There are a few important reasons why George W. Bush made sense to many Americans after Bill Clinton. By now we’re familiar with the primary reason: the country was attracted to Bush’s ‘compassionate conservative’ message, a message that sanded off the hard edges of Reagan-era conservatism while simultaneously referencing a mythical American past in which right and wrong were definable and easily categorized.

The desire by some to embrace a leader who seemed to embody liberal and conservative ideals, who seemed, at least in rhetoric, to merge the best attributes of Republican presidents past (including his father) with the best attributes of Bill Clinton, can only be understood contextually; in the parlance of media and advertising, the Bush presidency was brought to us by Bill Clinton.

We knew what Clinton had done, but we never really knew who he was. To the end of his presidency Clinton remained an almost inscrutable figure. We knew, of course, about his various appetites, his charisma, his brilliance, but we never really had a sense of what made him tick. One of the enduring legacies of Clinton’s time in office is his penchant for triangulation, his perpetual search for the middle ground. In the end, Clinton seemed more a politician of strategy than passion. His methods were best described by the term he popularized with fellow politician-strategist Tony Blair; for most of his time in office, Clinton was a ‘third way’ President. While a cleaving to a ‘third way’ sounds fine, it is also an admission that one has arrived at a position by, in effect, splitting the difference. This does not a position make.

Bush took a different tack; he started with the poll-tested talk (‘compassionate conservatism’), and then committed himself almost wholly to a single side, much to the delight of right-wing partisans all over the country. In the end, Bush’s commitment to certain conservative principles won him more than a few enemies, but it also won him the earnest approval of a significant bloc of the country, a bloc that came out in large numbers to reelect him in 2004 (shenanigans in Ohio aside). As a Texan, I understand the main source of Bush’s popularity: whether we agreed with him or not, we understood his narrative. Unlike Clinton, Bush allowed us to access the heart of his decision-making process, the organ which converted the information he received to the policies he endorsed. Bush’s ‘heart’ was his conversion to Christianity. Many of Bush’s policies – PEPFAR and No Child Left Behind are examples here – neatly fit the Christian conversion narrative, and seemed to define his vision for the country. Bush seemed to believe that, for the disadvantaged anyway, America should be a country of rigid regulations, a country bounded by strict unalterable rules, but a country, too, that provided a path – narrow though it was – to redemption.

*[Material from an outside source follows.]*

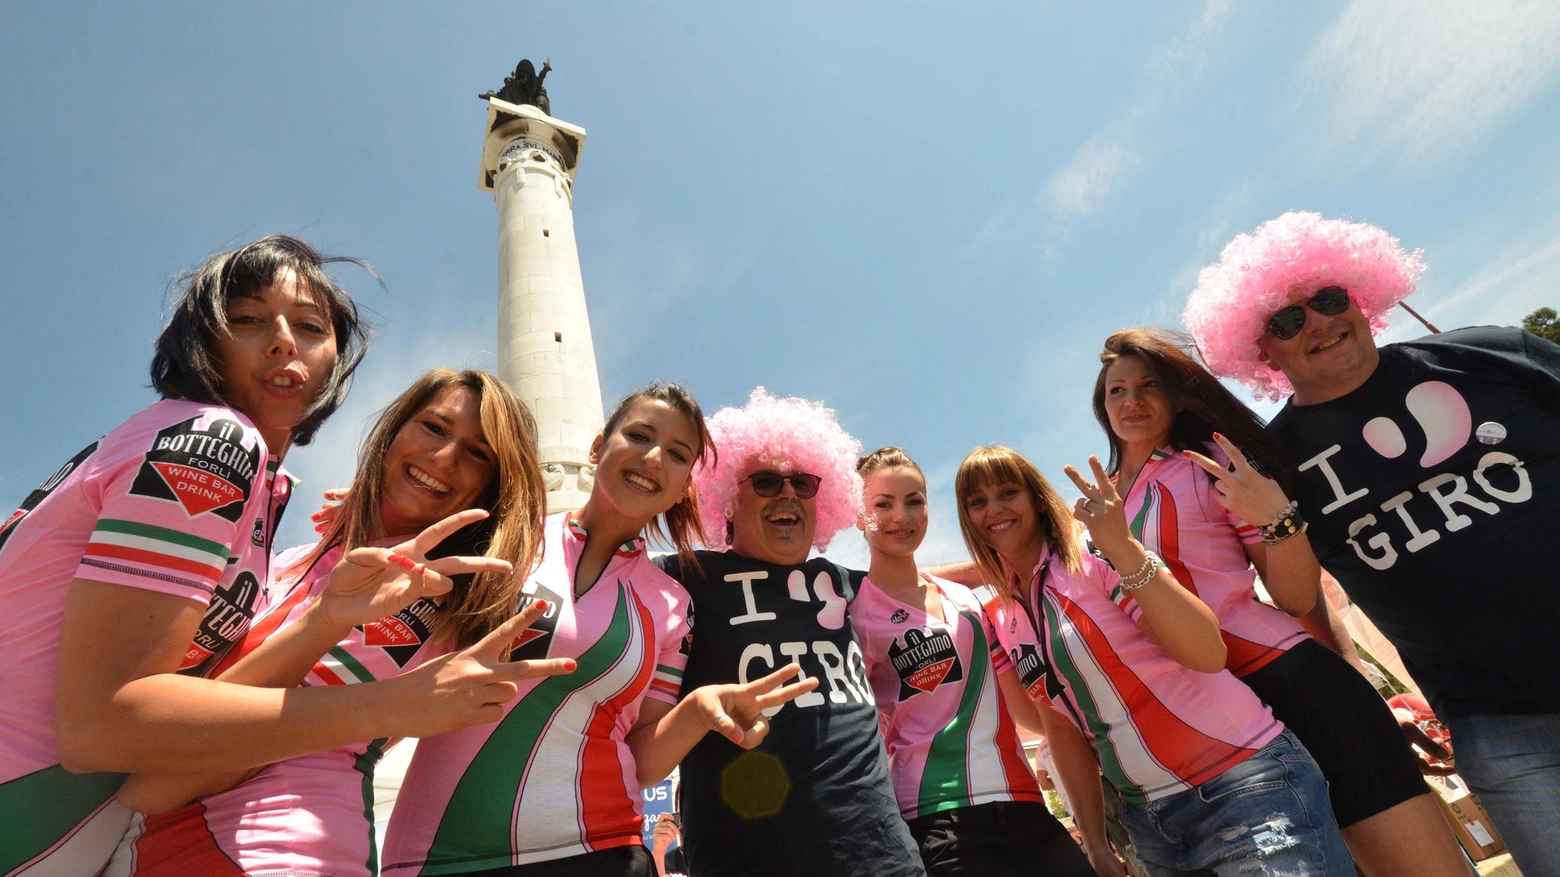 Giro d'Italia, la festa nelle piazze
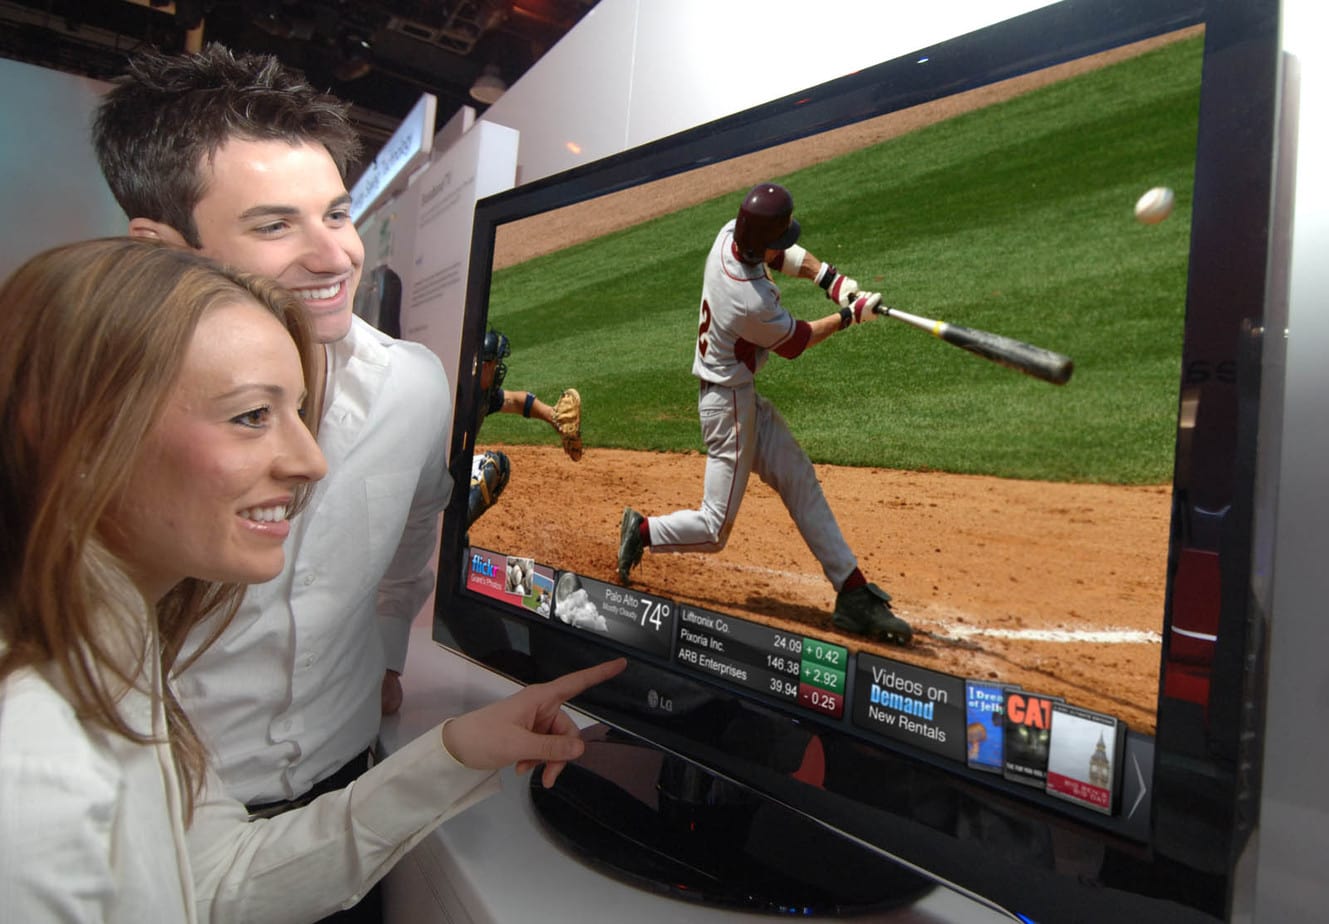 Poczuć się jak na stadionie. Jakie możliwości dają nowoczesne telewizory do oglądania sportu?

(We later learned that the ‘path’ was no path at all, but that is a different tale).

Many of us instantly fell in love with Obama because he, like Bush before him, wore his heart on his sleeve. His 2004 speech at the Democratic National Convention was a declaration of who he was, why he was, and how he’d be different. He was a community organizer. A civil rights attorney. He was the product of two races, a walking, talking embodiment of MLK’s American dream. We believed that Obama would be a transformational figure because his narrative – his ‘heart’ – was about a man coming to terms with his identity and embracing the various parts of himself. We hoped that his policies would reflect this narrative, that he would help America complete the same journey.

The most dispiriting thing about the Obama presidency thus far isn’t that he hasn’t had some successes – surely he has. It is the realization that, perhaps, the poetry of his campaign can never be reconciled with the prose of governing. It is the realization that there is a possibility we don’t know as much about his heart as we initially believed. It is the realization that, when it comes to matters of the heart, there is a possibility that he will be more like Clinton, and less like Bush.

That said, Obama still has time, and I still believe in his presidency. He still has time to show us his heart.